Data provided >>
»»

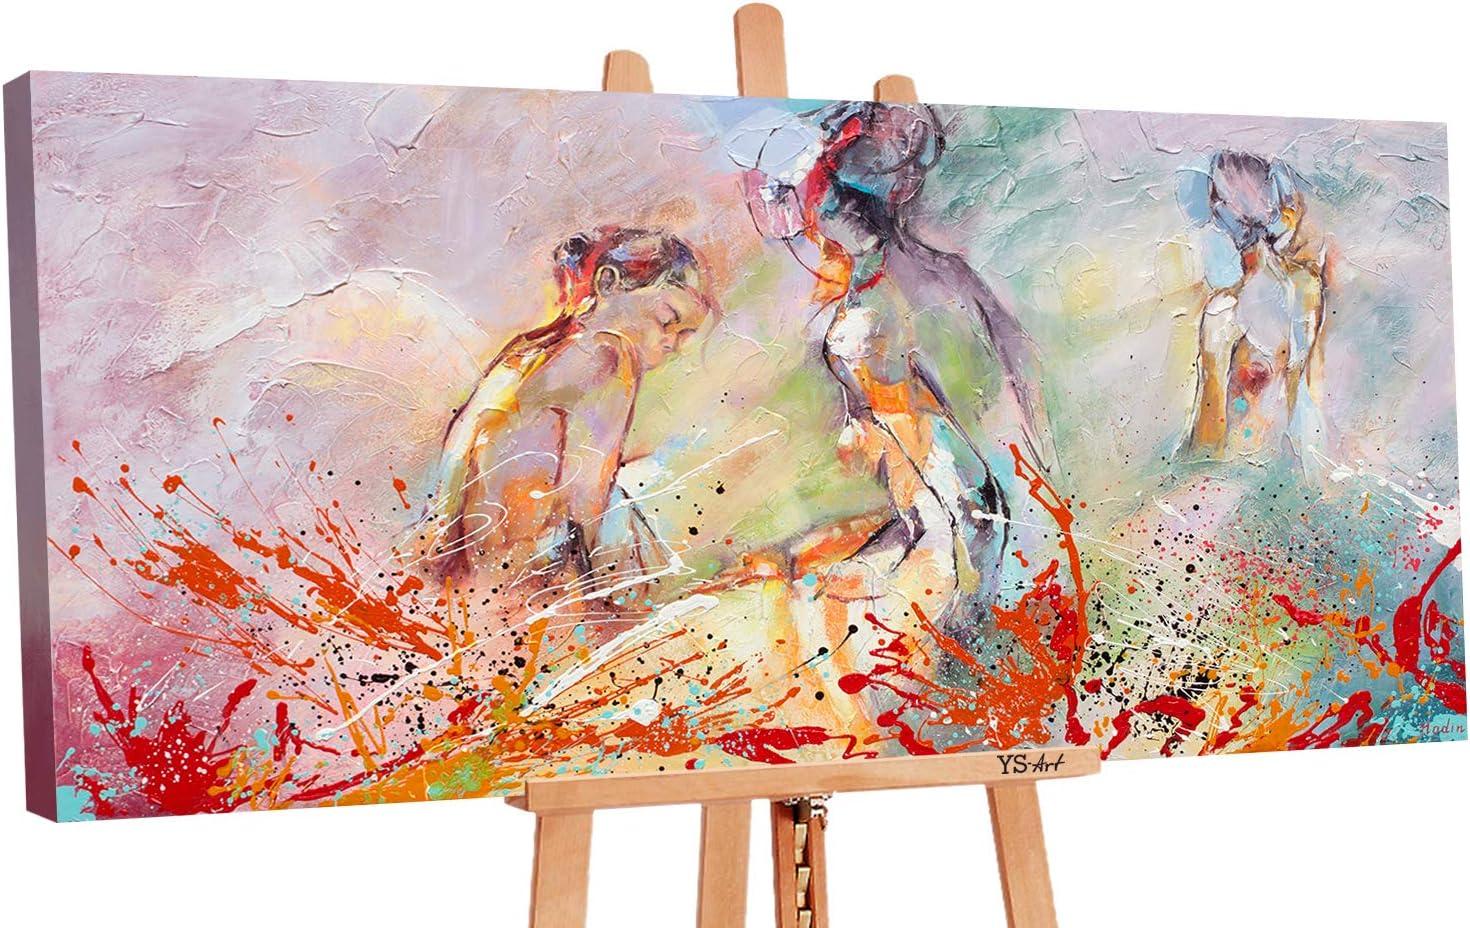 YS-Art Premium | Cuadro Pintado a Mano Verano calurosod | Cuadro Moderno acrilico | 140 x 70 cm | Lienzo Pintado a Mano | Cuadros Dormitories | único | Multicolor | PS058
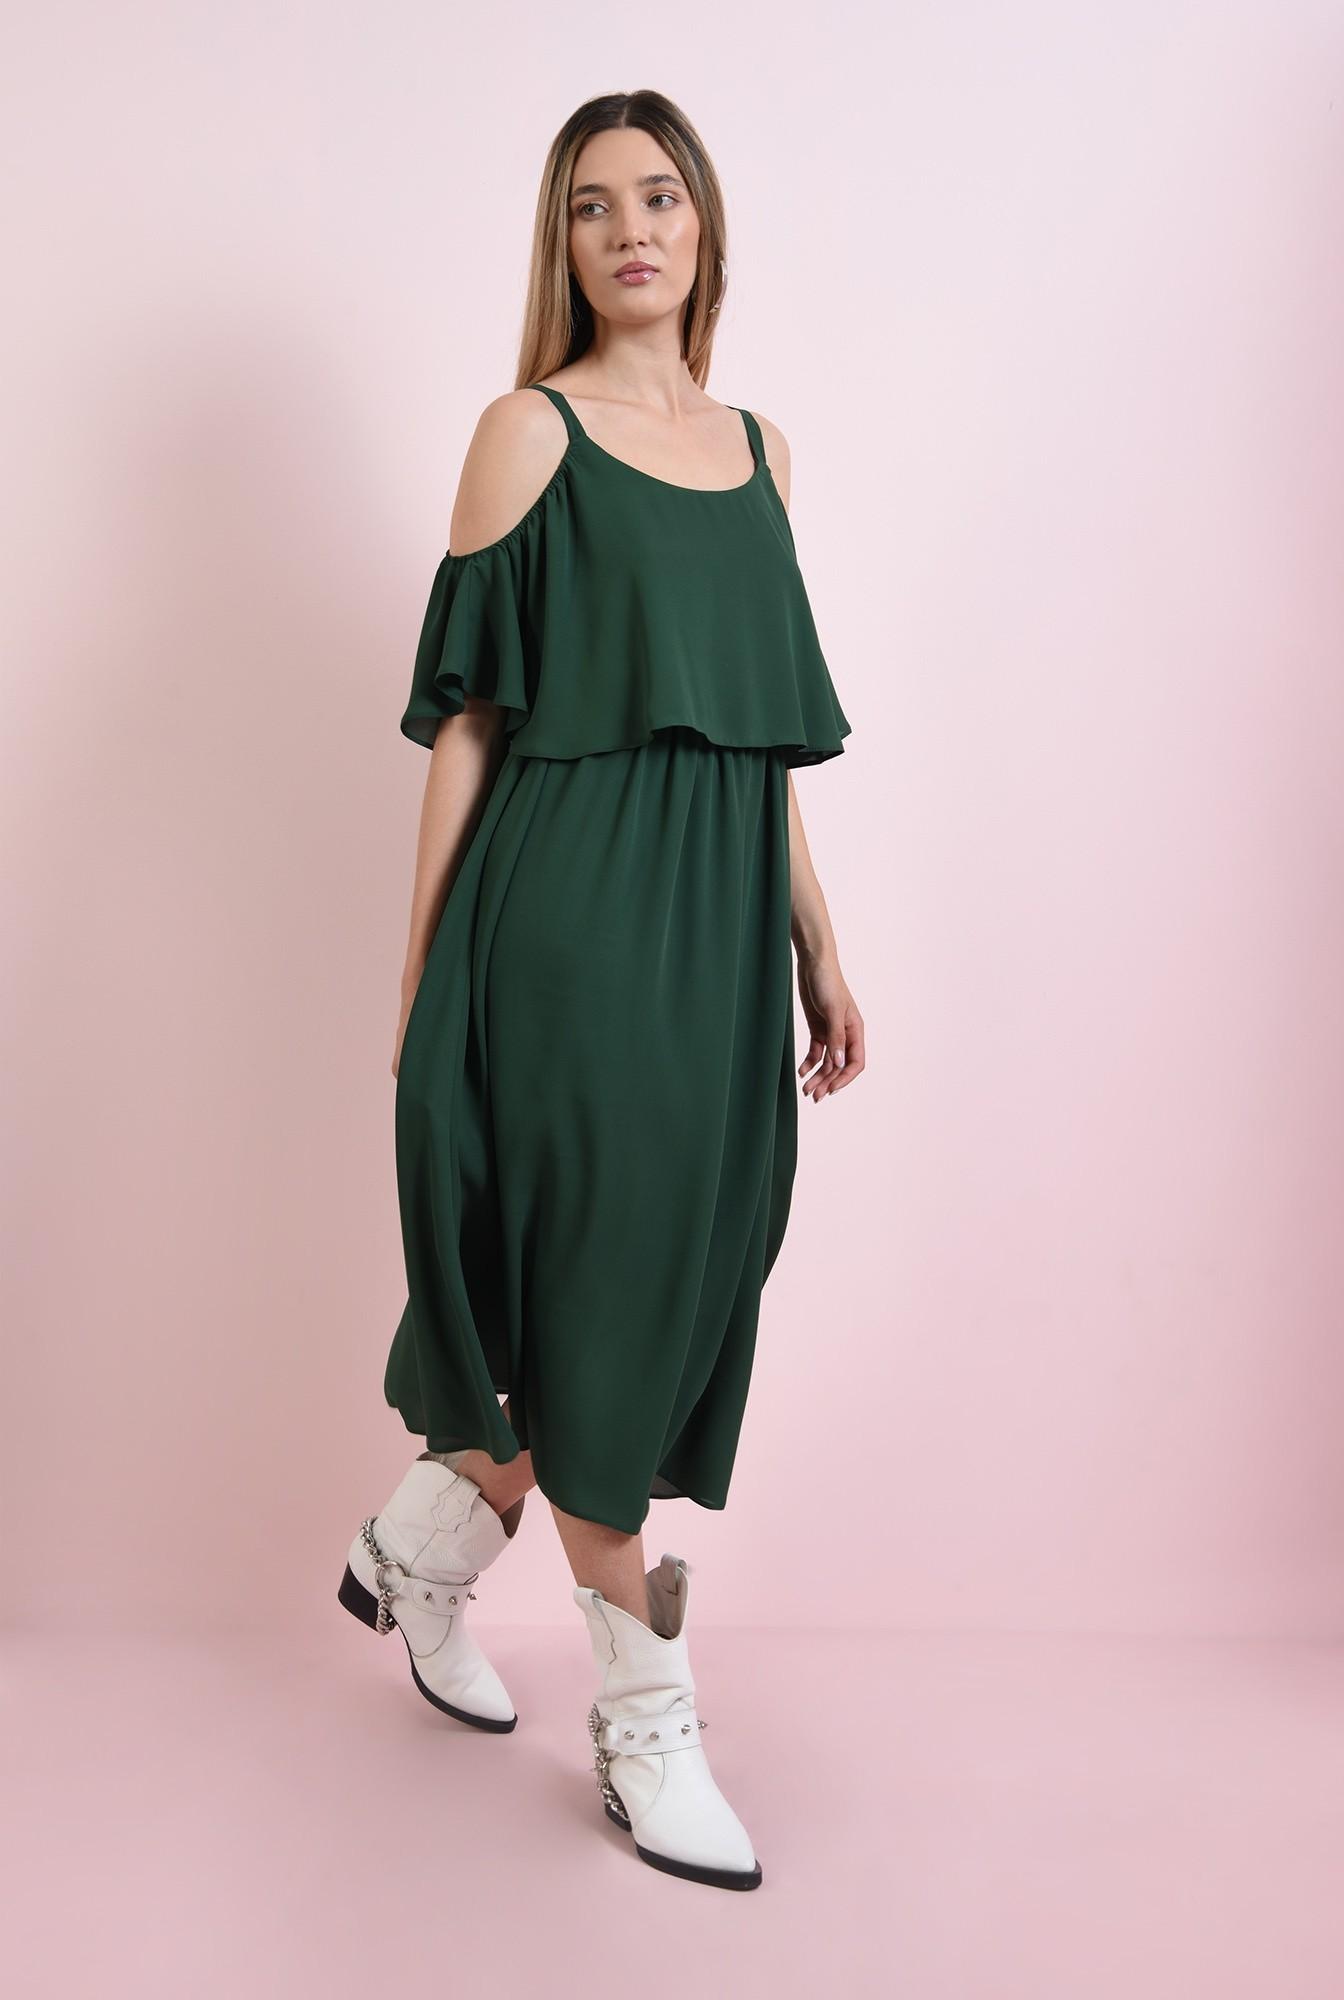 0 - rochie casual, verde, evazata
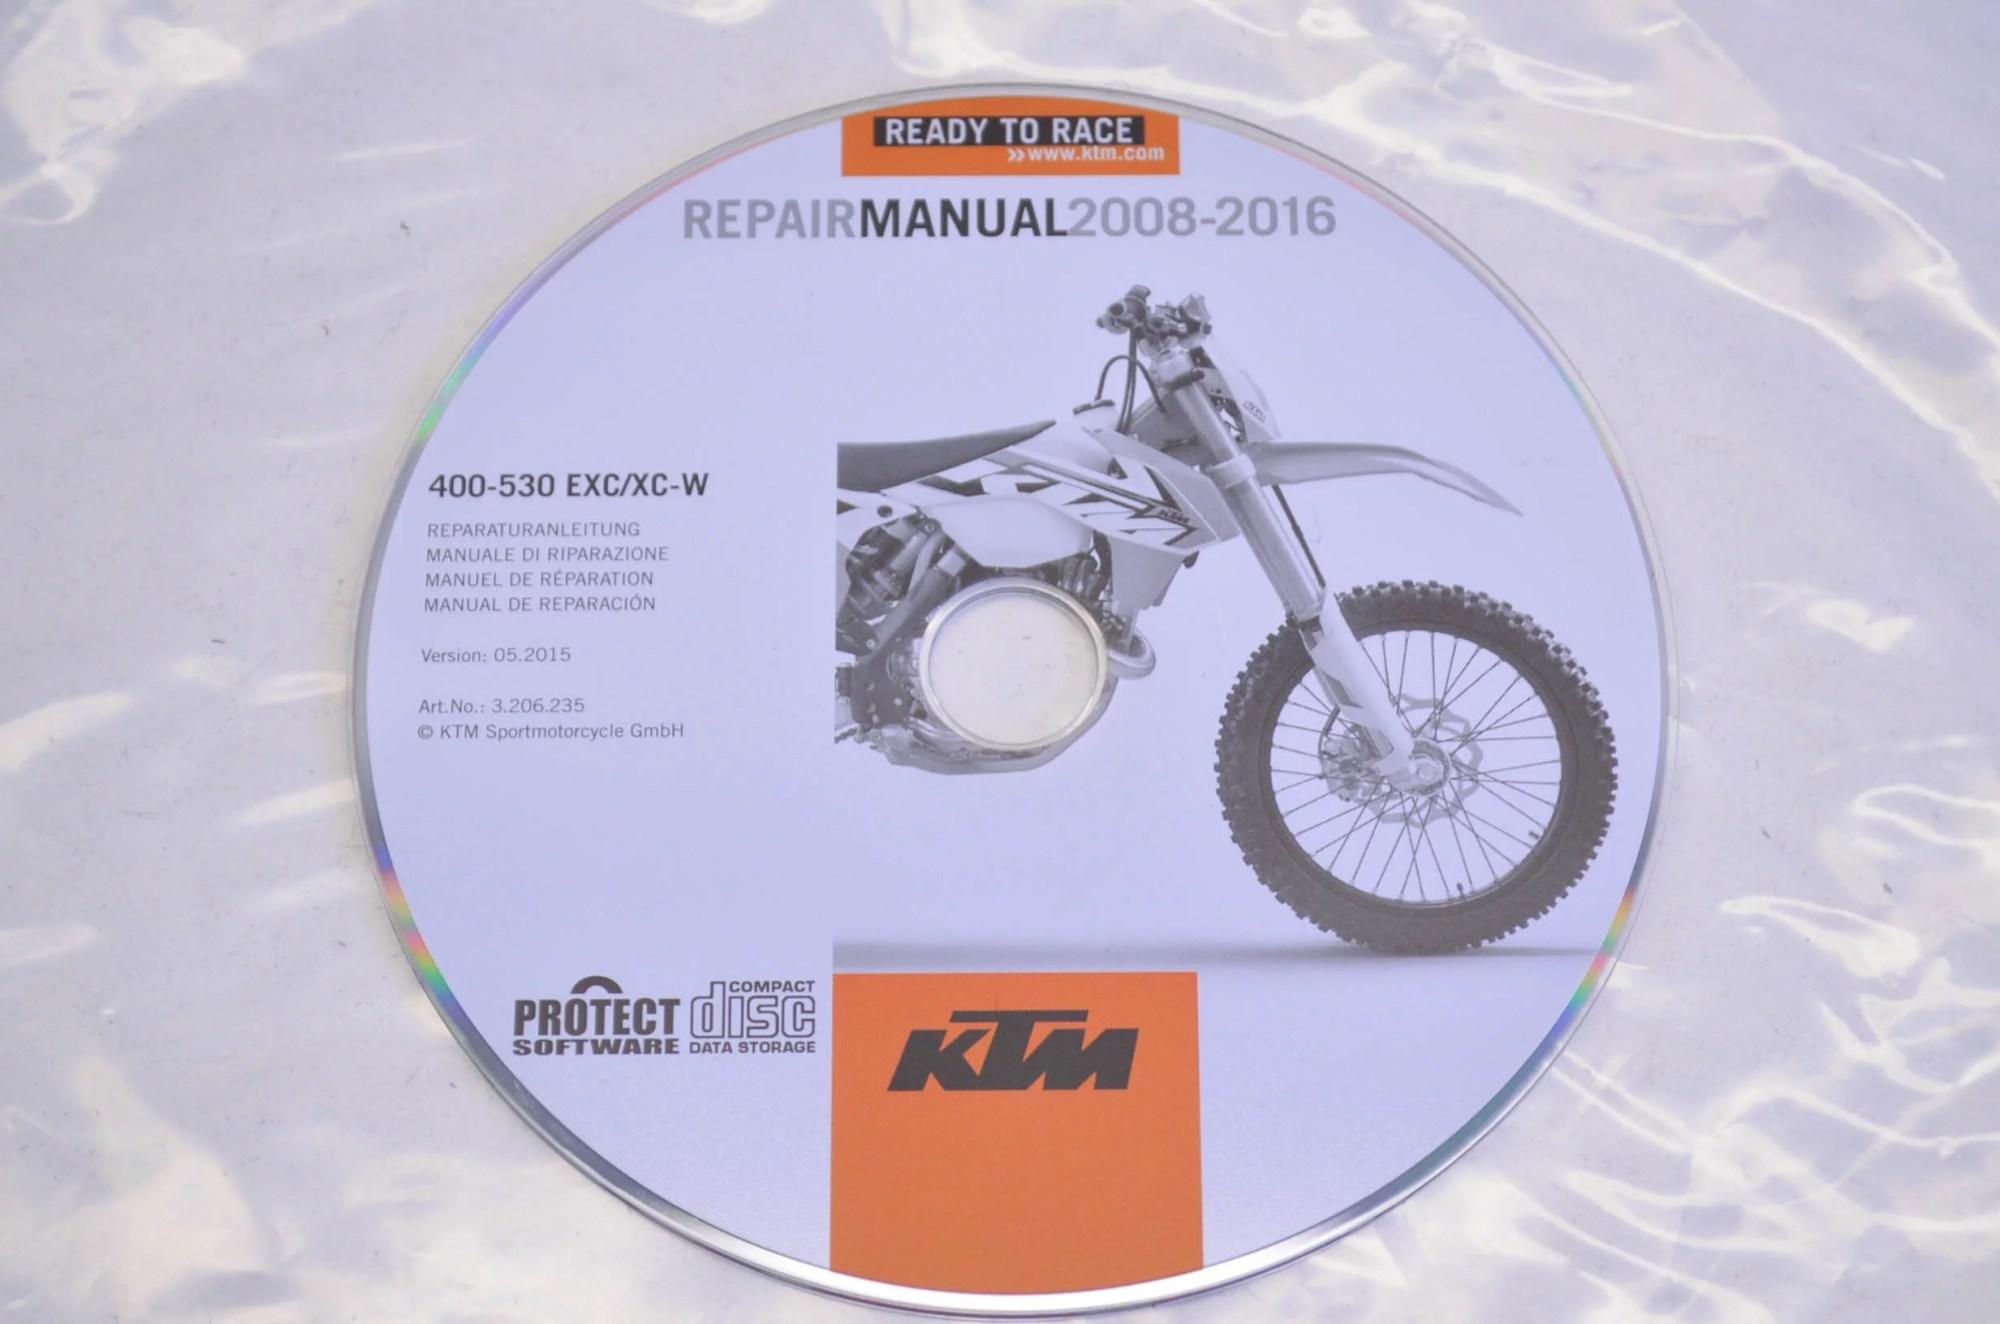 hight resolution of ktm 3206235 2008 2016 400 530 exc xc w repair manual cd disc qty 1 walmart com
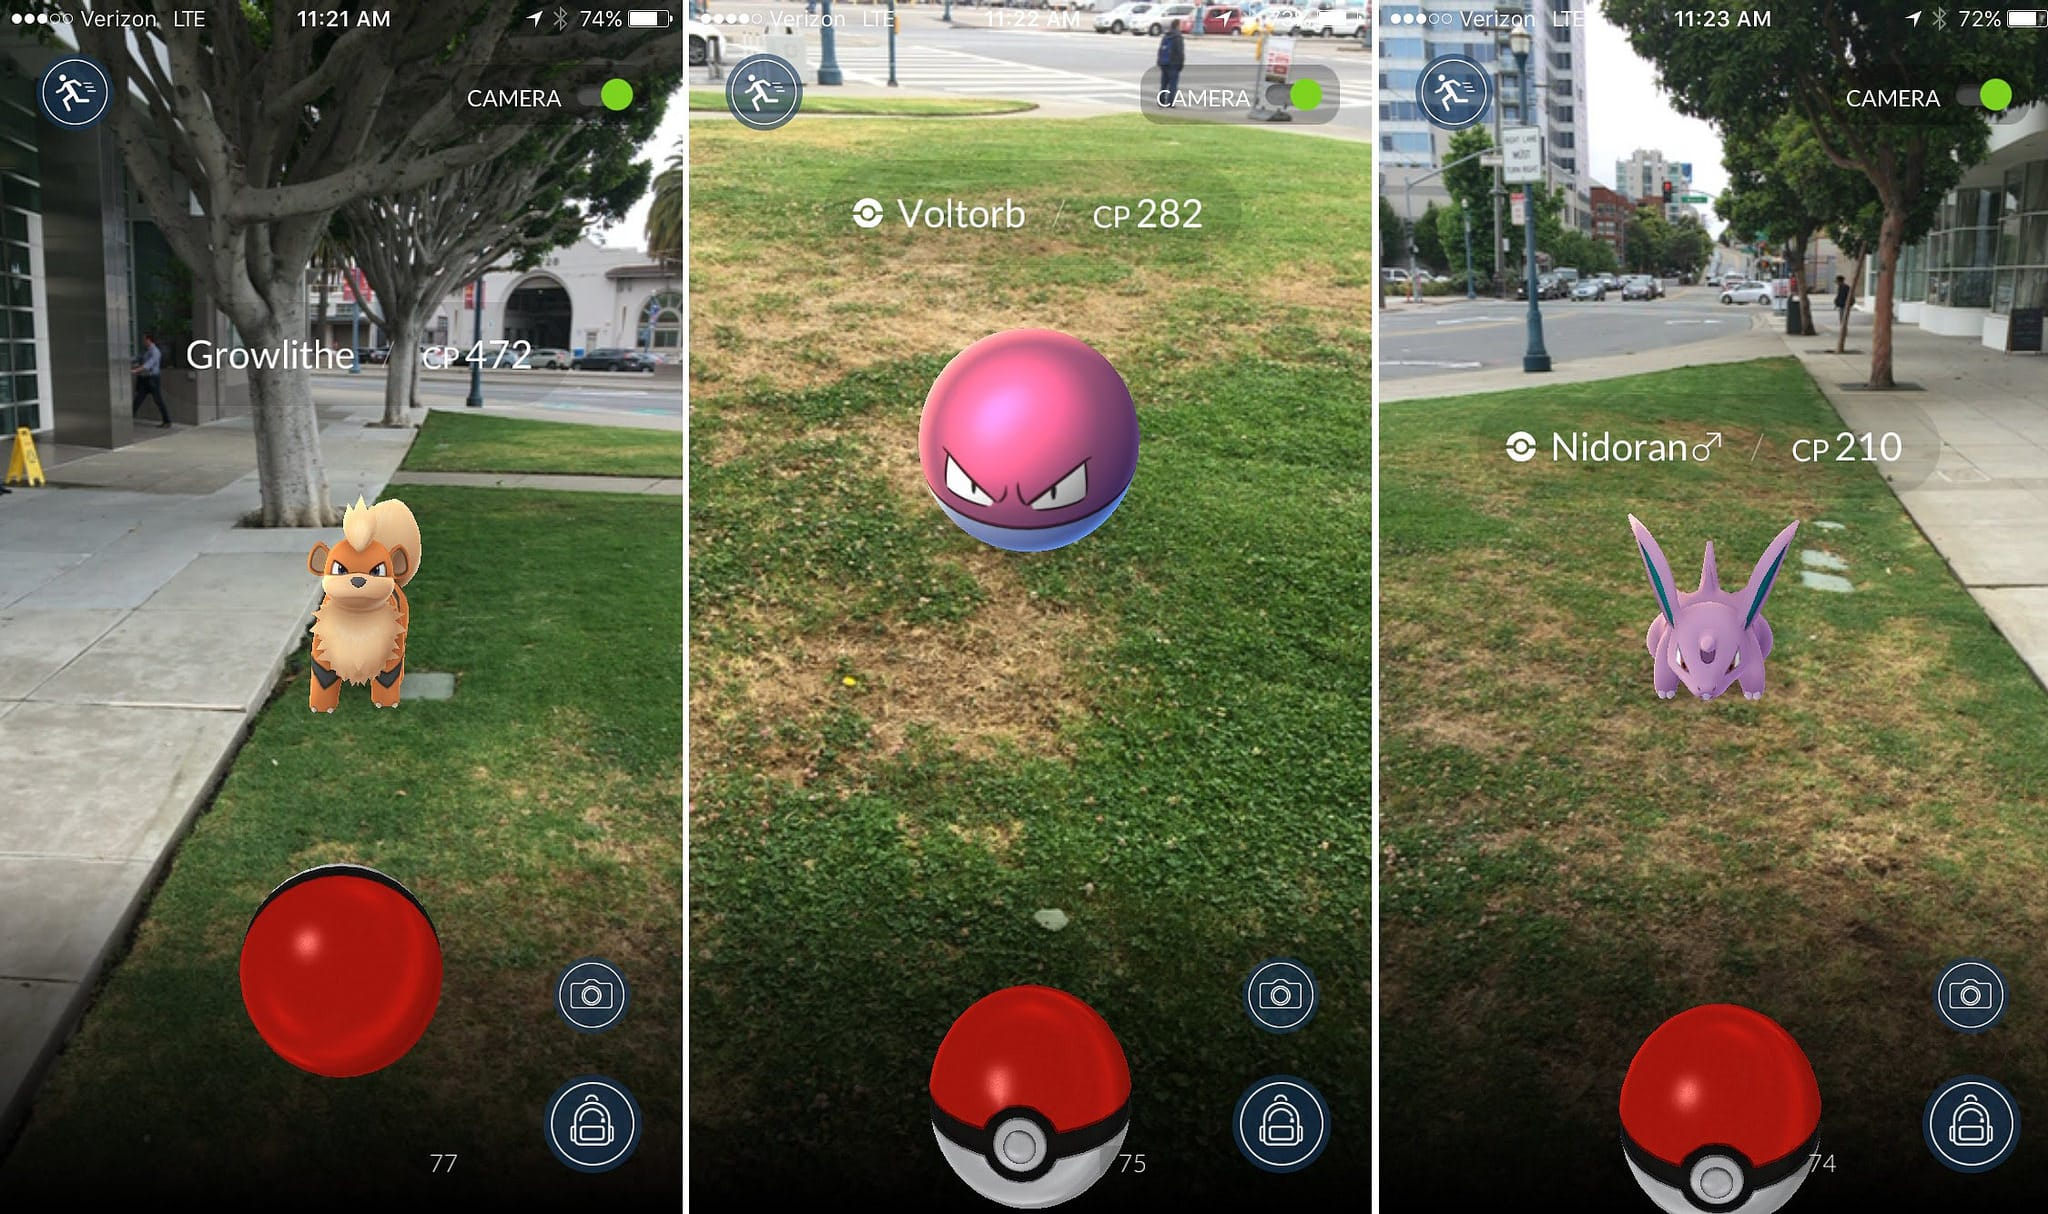 Augmented Reality in Pokémon GO

««

Task to complete >> In your copy, include no pictures and only the lines from the line with "0 - rochie casual, verde, evazata" through the final line of the listing above, reproduced exactly.

Response to the exercise >>
 0 - rochie casual, verde, evazata
 hight resolution of ktm 3206235 2008 2016 400 530 exc xc w repair manual cd disc qty 1 walmart com
 Augmented Reality in Pokémon GO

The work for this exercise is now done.